REQUIREMENT: Repeat the data exactly, leaving out any image.

STORED DATA:

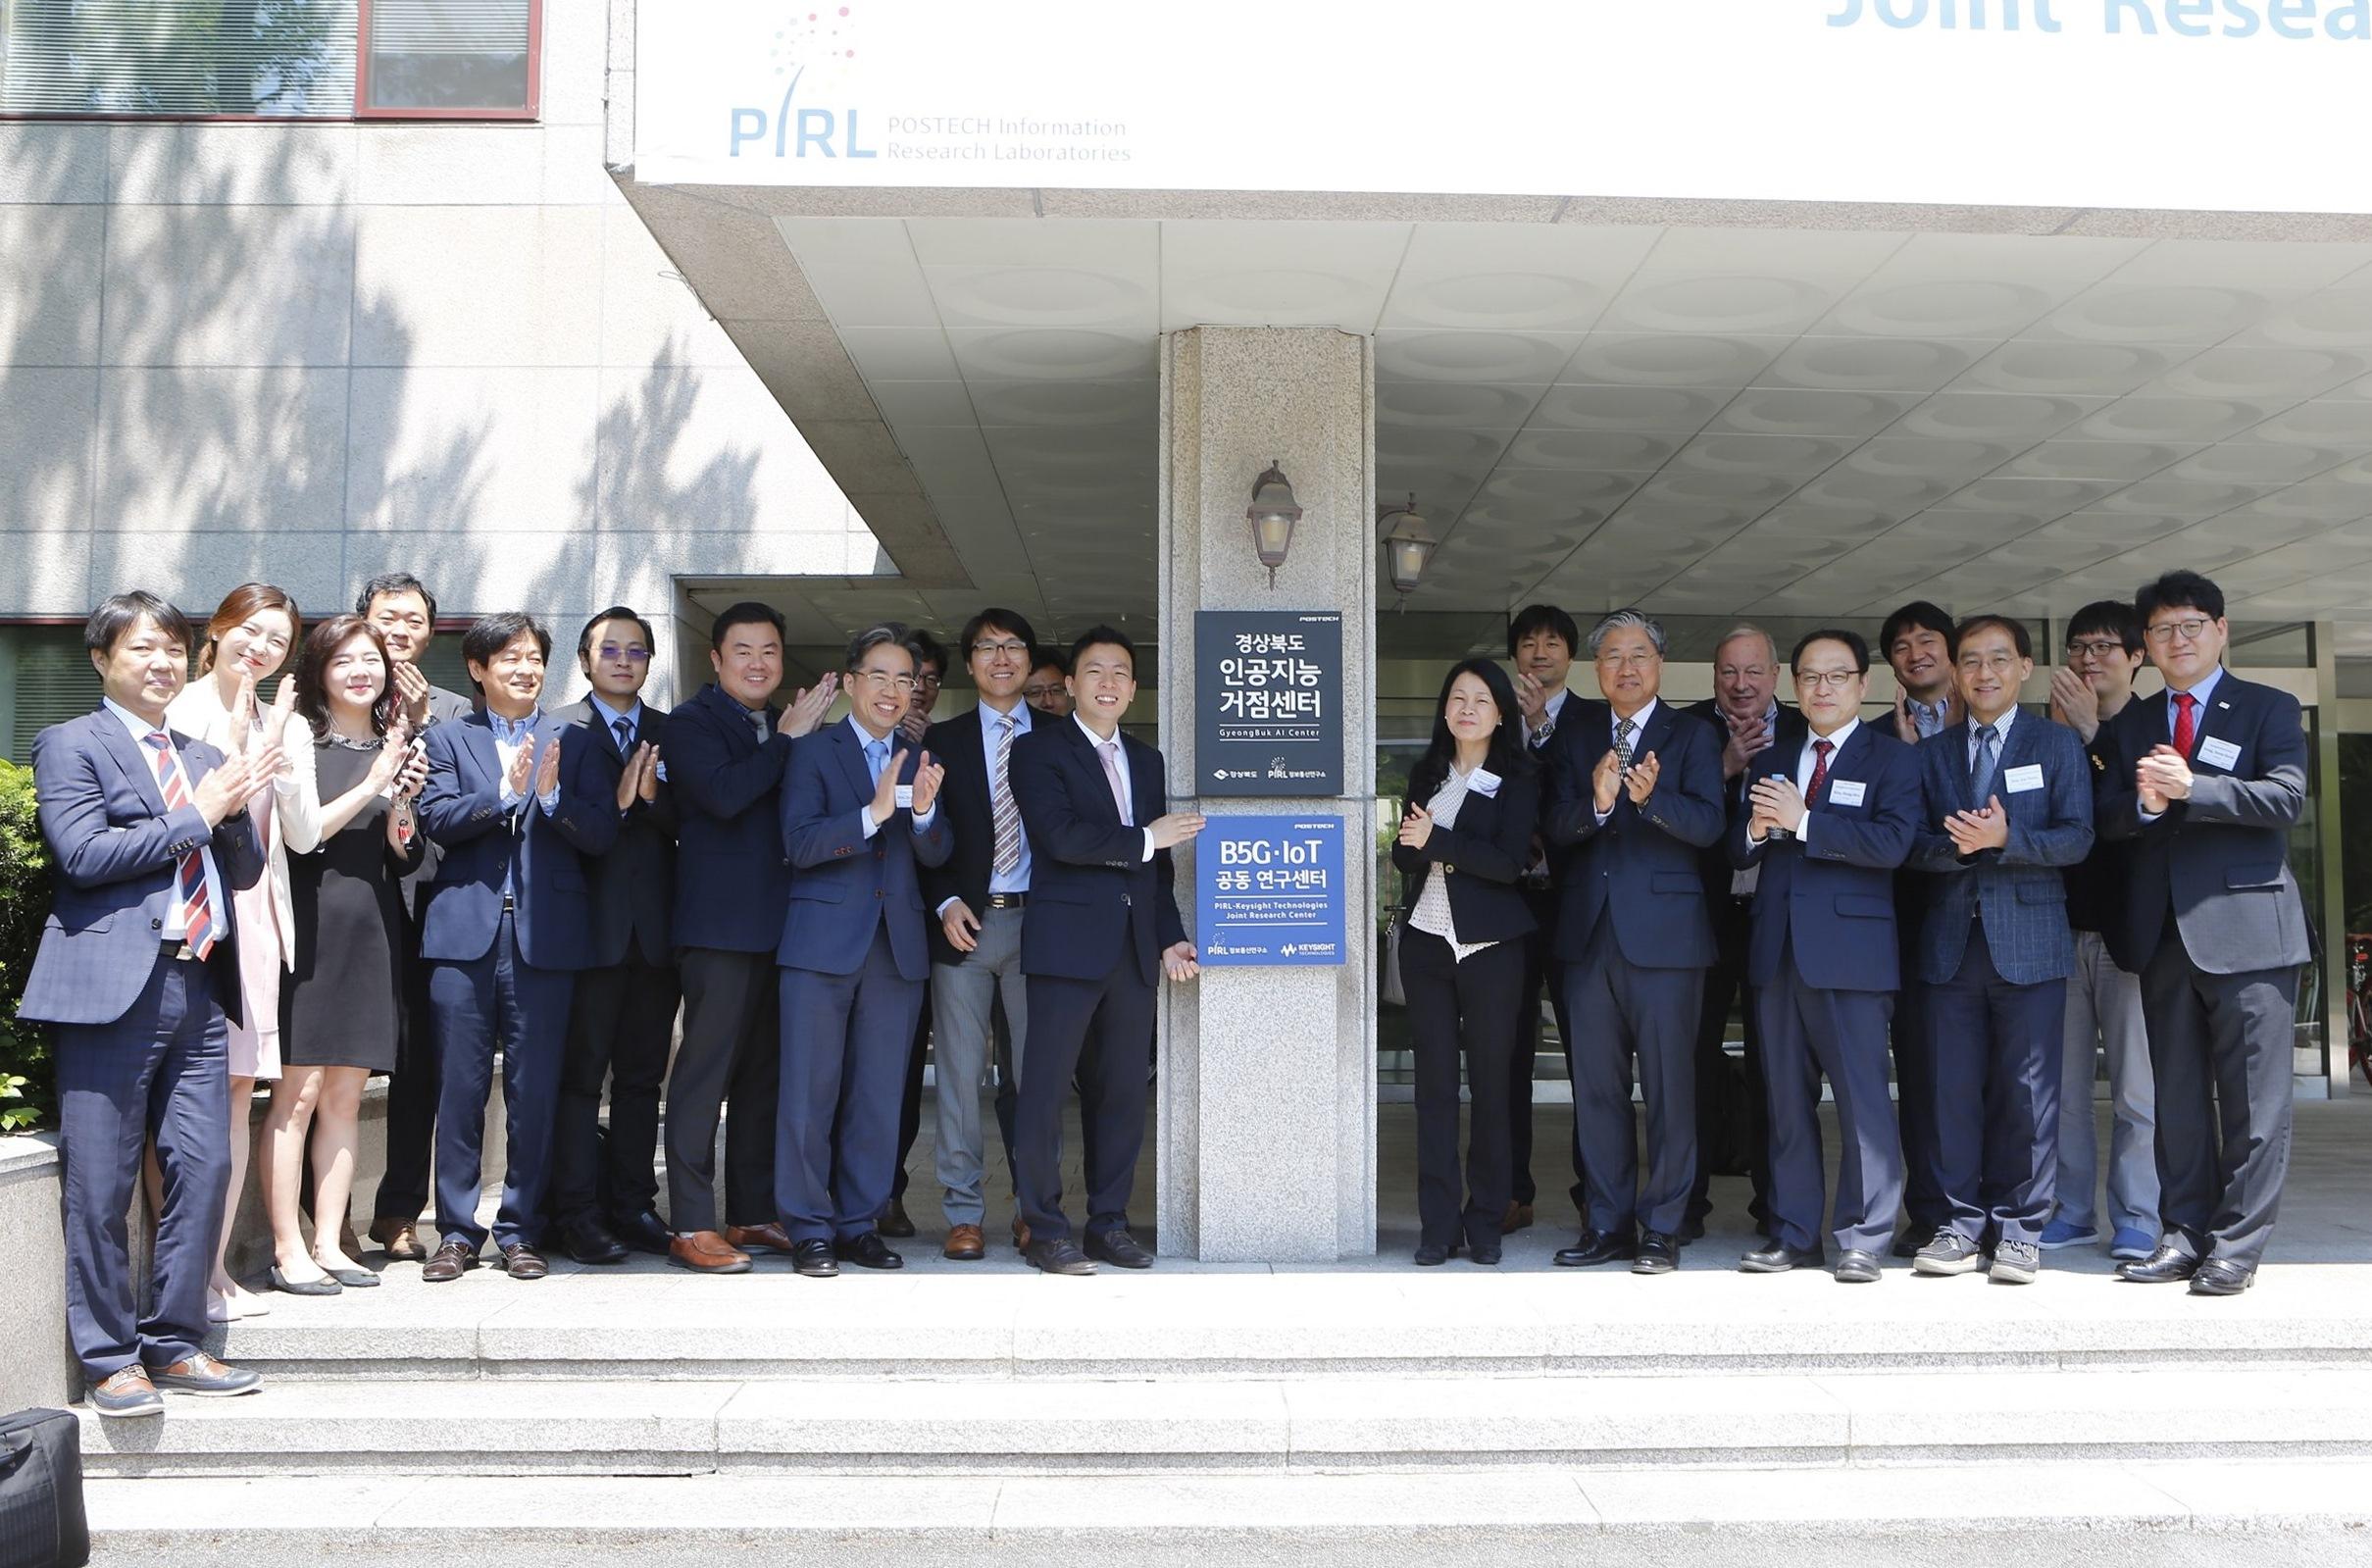 협약키사이트 테크놀로지스(Keysight Technologies)의 국내 첫 공동연구센터 현판식 사진
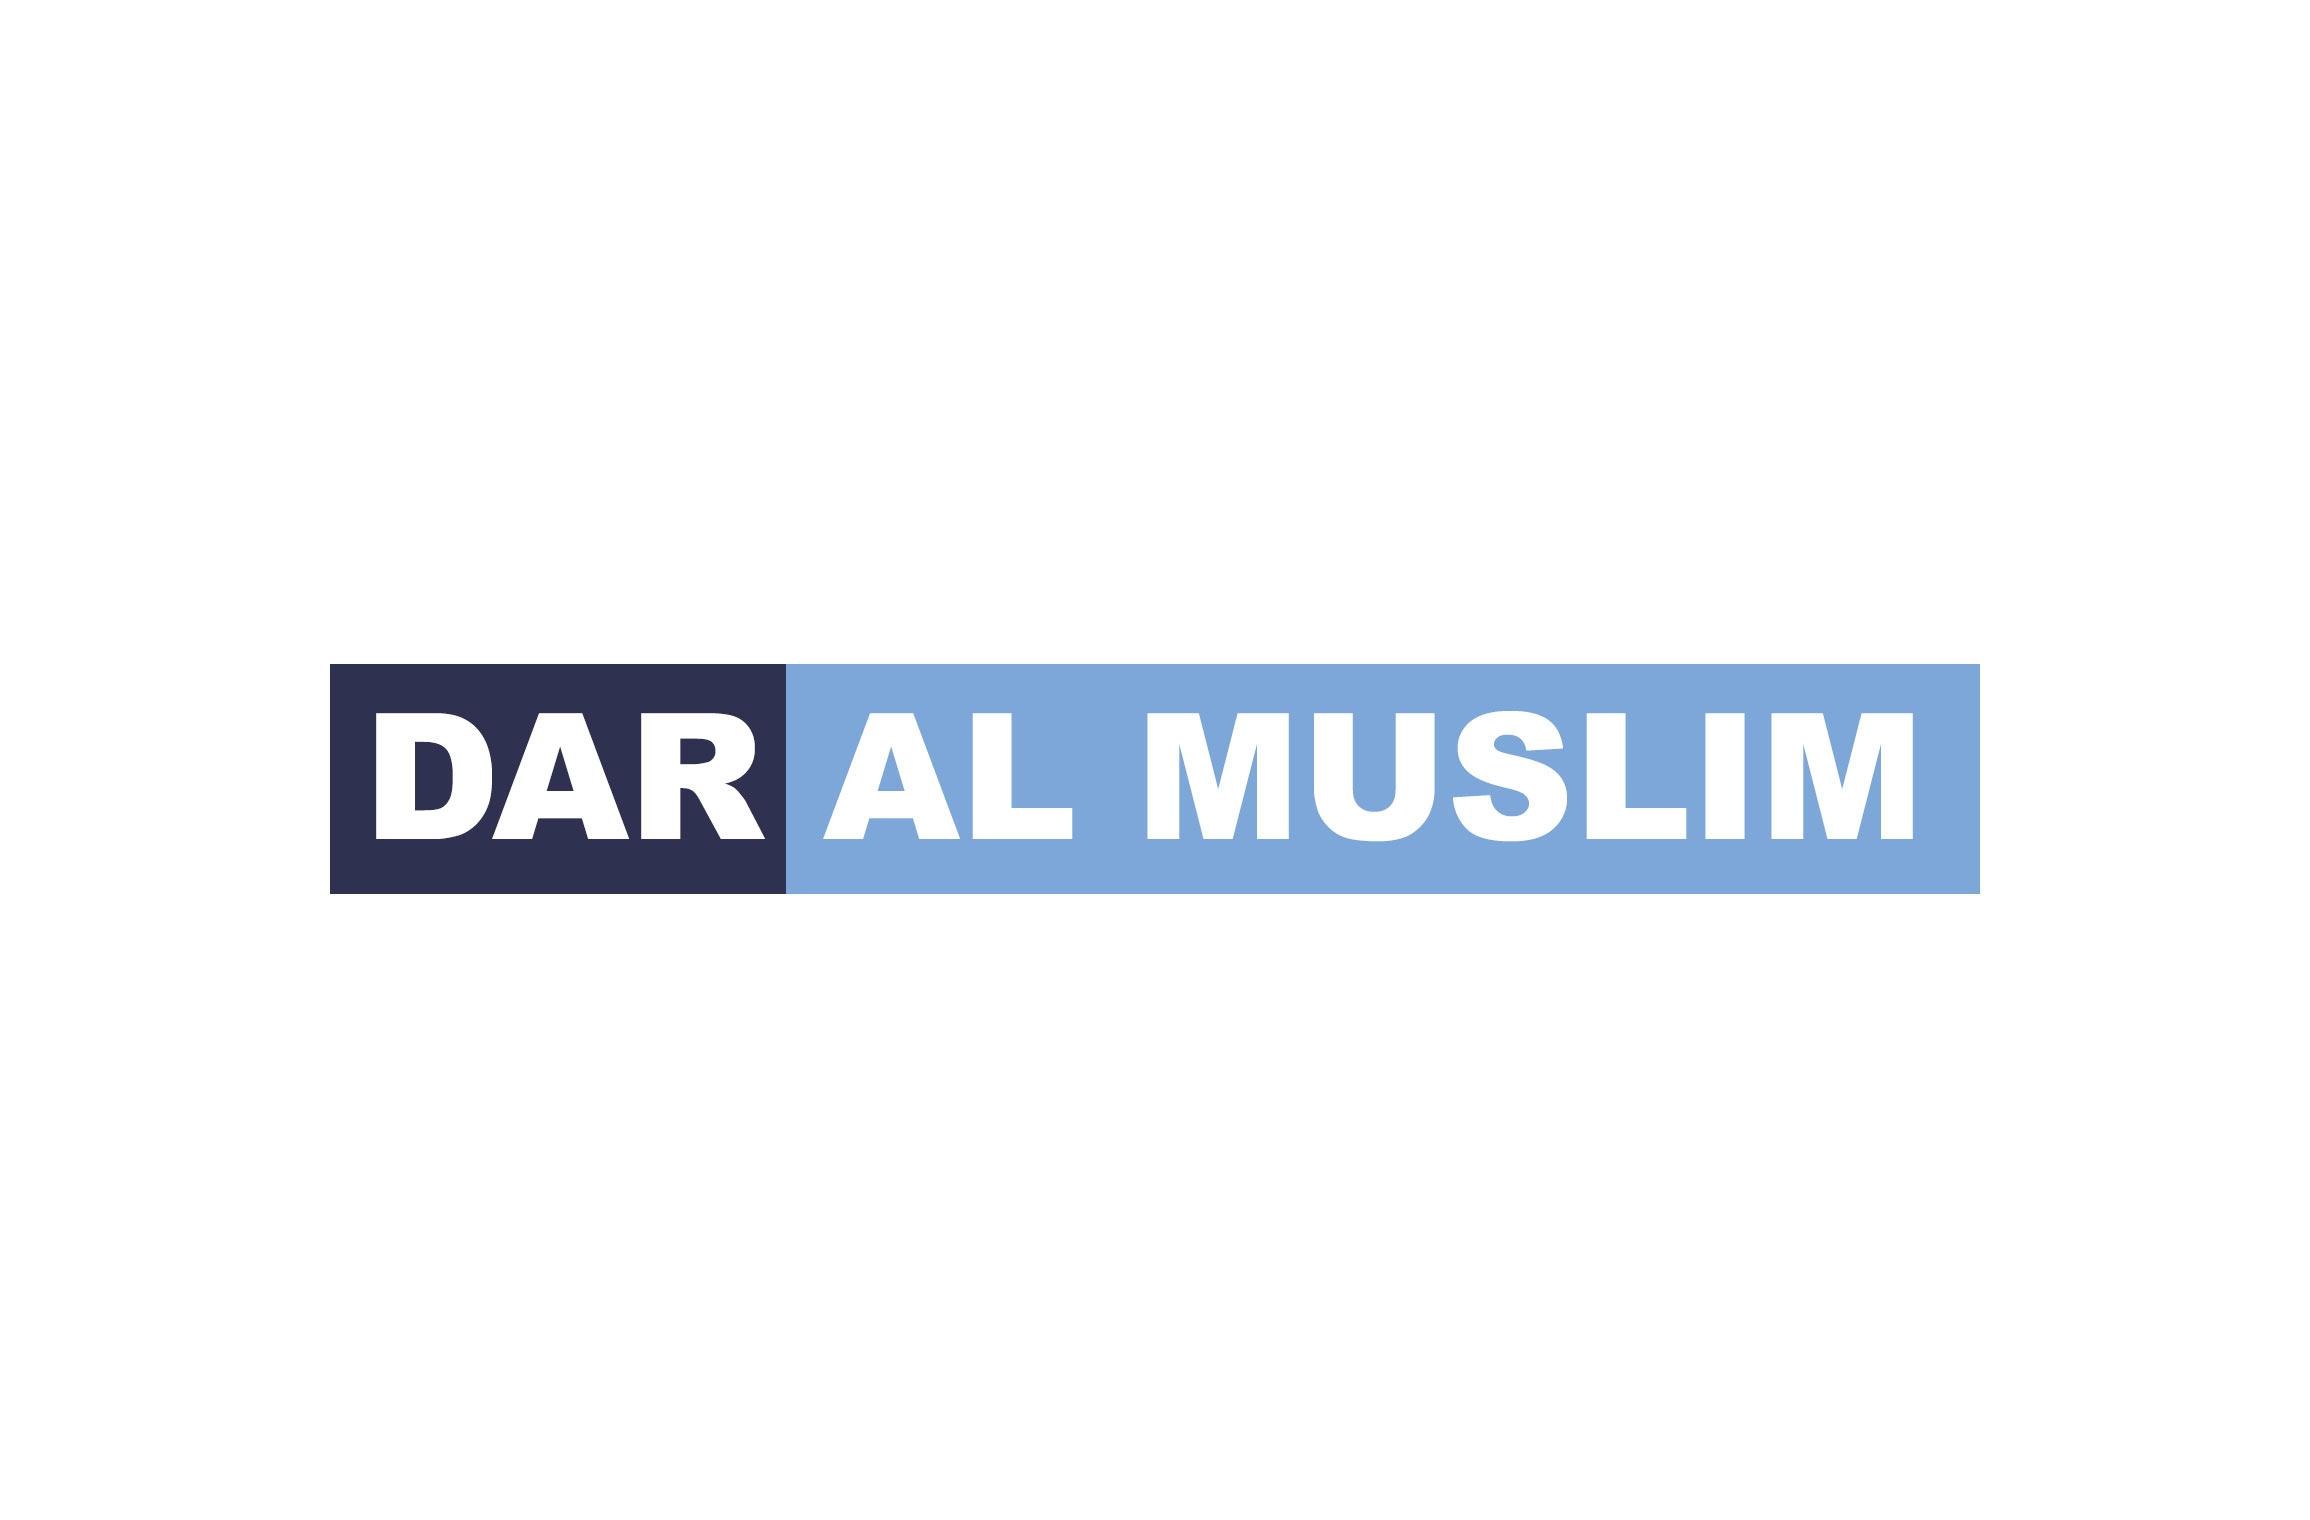 Dar Al Muslim
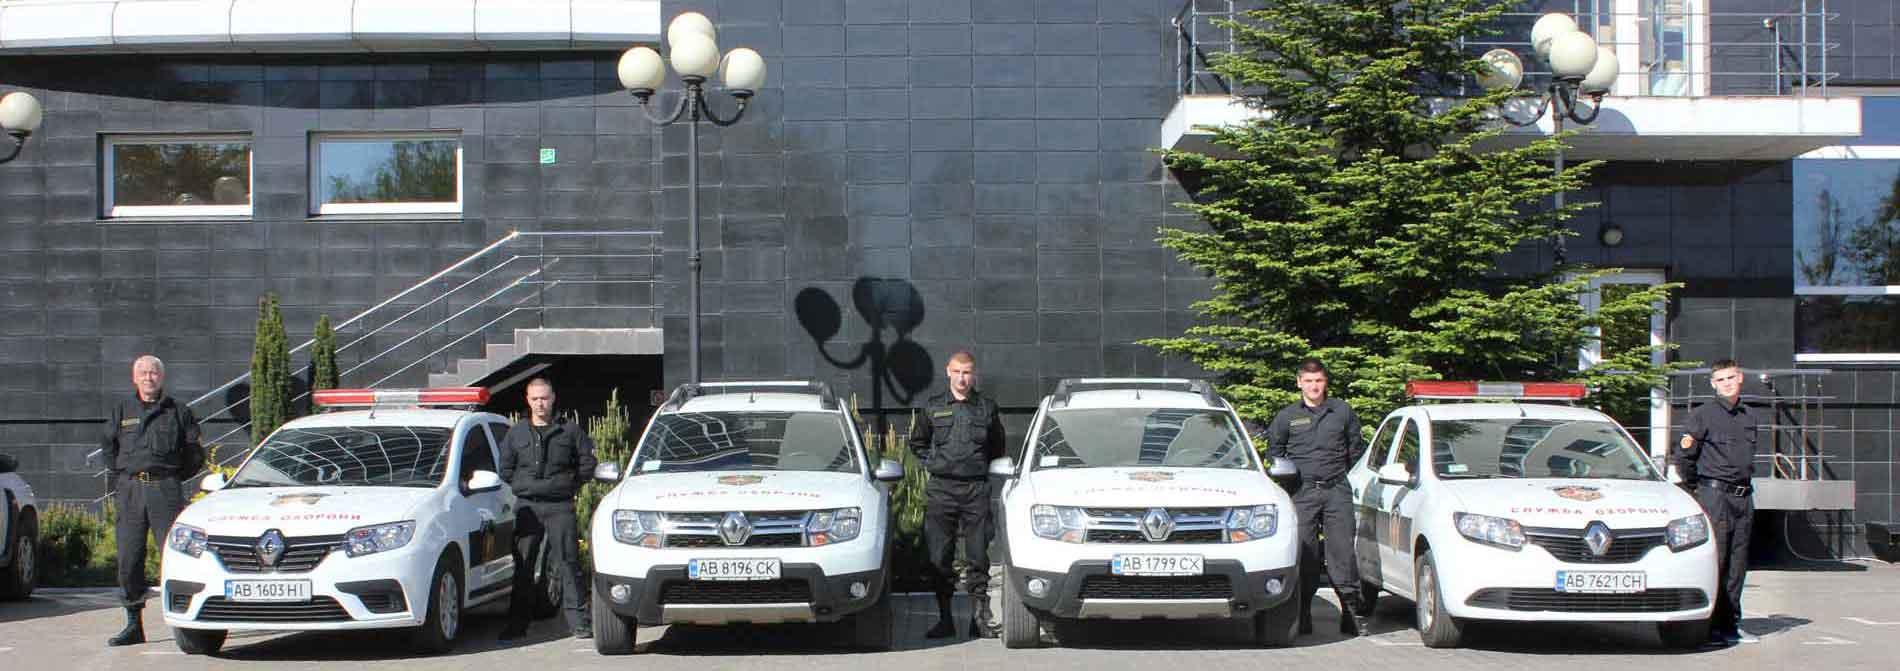 Охранная фирма Альфа Щит Винница - Охрана дома, квартиры, сигнализация на пульт, физическая охрана, видеонаблюдение, тревожная кнопка, мобильные группы

ANSWER TO THIS EXERCISE:
 협약키사이트 테크놀로지스(Keysight Technologies)의 국내 첫 공동연구센터 현판식 사진
 Dar Al Muslim
 Охранная фирма Альфа Щит Винница - Охрана дома, квартиры, сигнализация на пульт, физическая охрана, видеонаблюдение, тревожная кнопка, мобильные группы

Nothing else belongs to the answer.